* WHAT NEEDS TO BE DONE
Take the material below and extract the lines from the one with "alvaro obregon monument mexico city" through the one with "U.S dollar and Chinese Yuan", word for word, without pictures.

* DATA IN THIS EXERCISE

*****

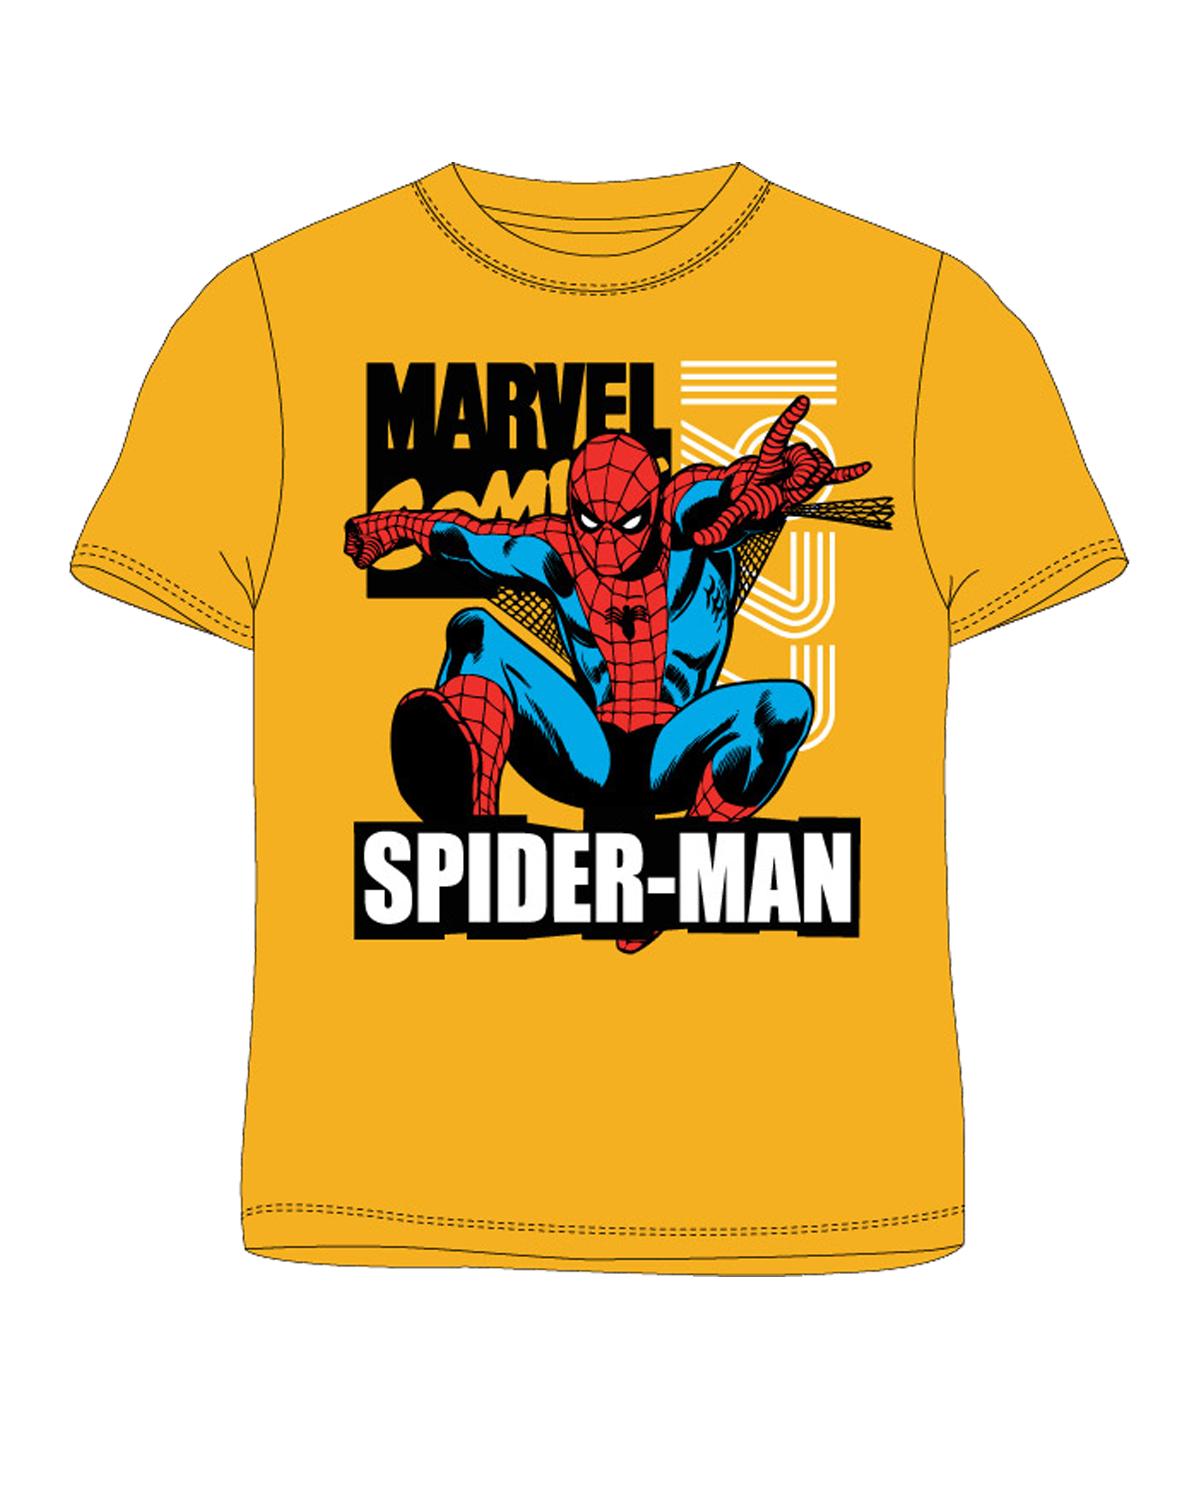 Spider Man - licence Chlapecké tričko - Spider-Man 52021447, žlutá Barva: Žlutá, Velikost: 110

*****

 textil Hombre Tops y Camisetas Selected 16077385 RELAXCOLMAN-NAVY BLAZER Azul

*****

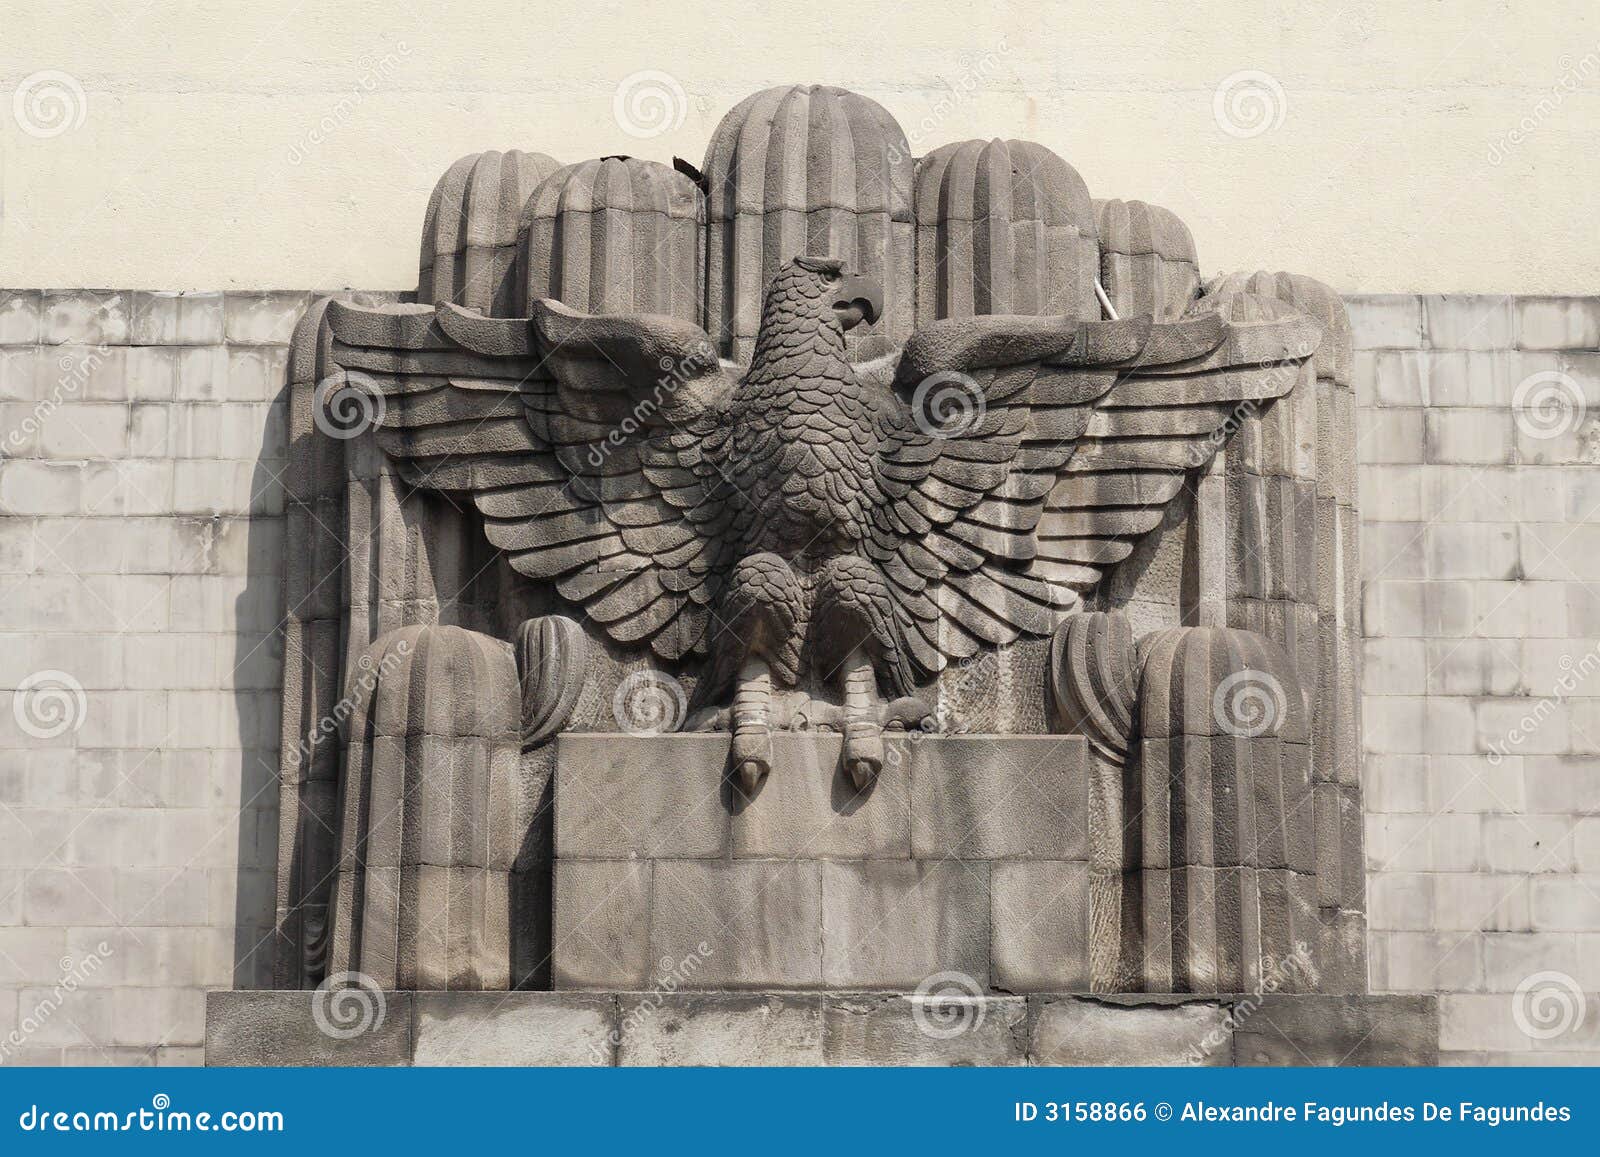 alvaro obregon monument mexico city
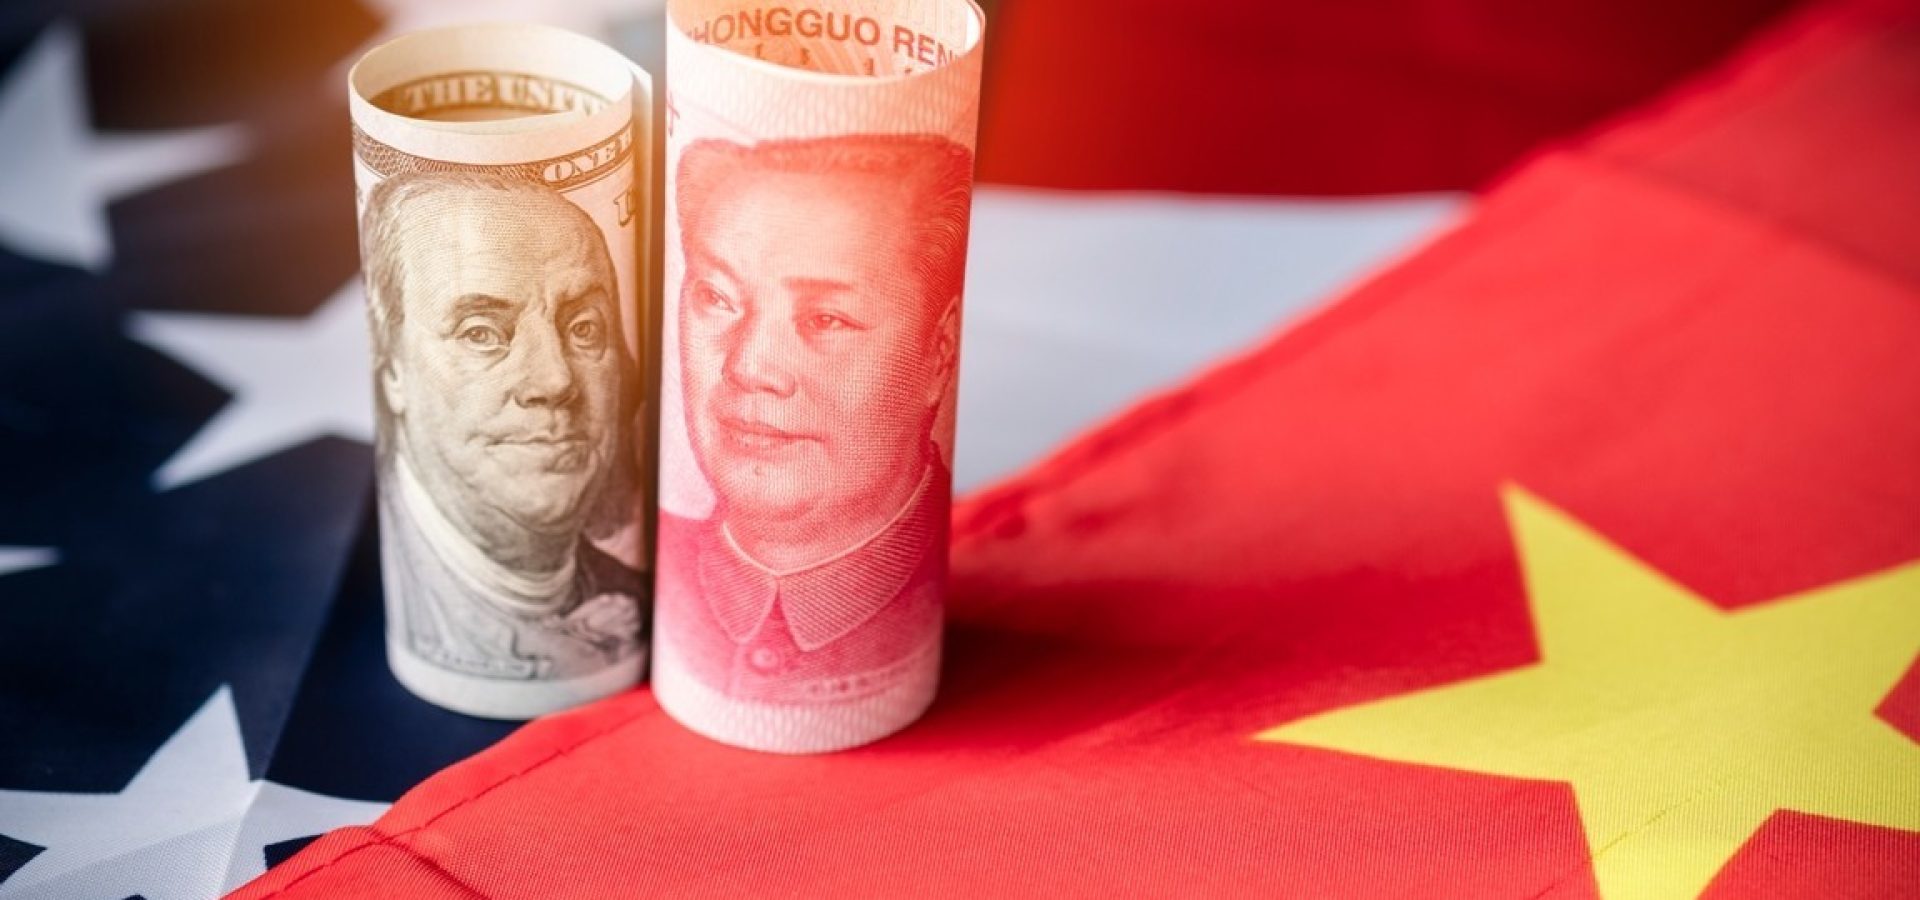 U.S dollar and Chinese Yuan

*****

* SOLUTION BELOW
 alvaro obregon monument mexico city
 U.S dollar and Chinese Yuan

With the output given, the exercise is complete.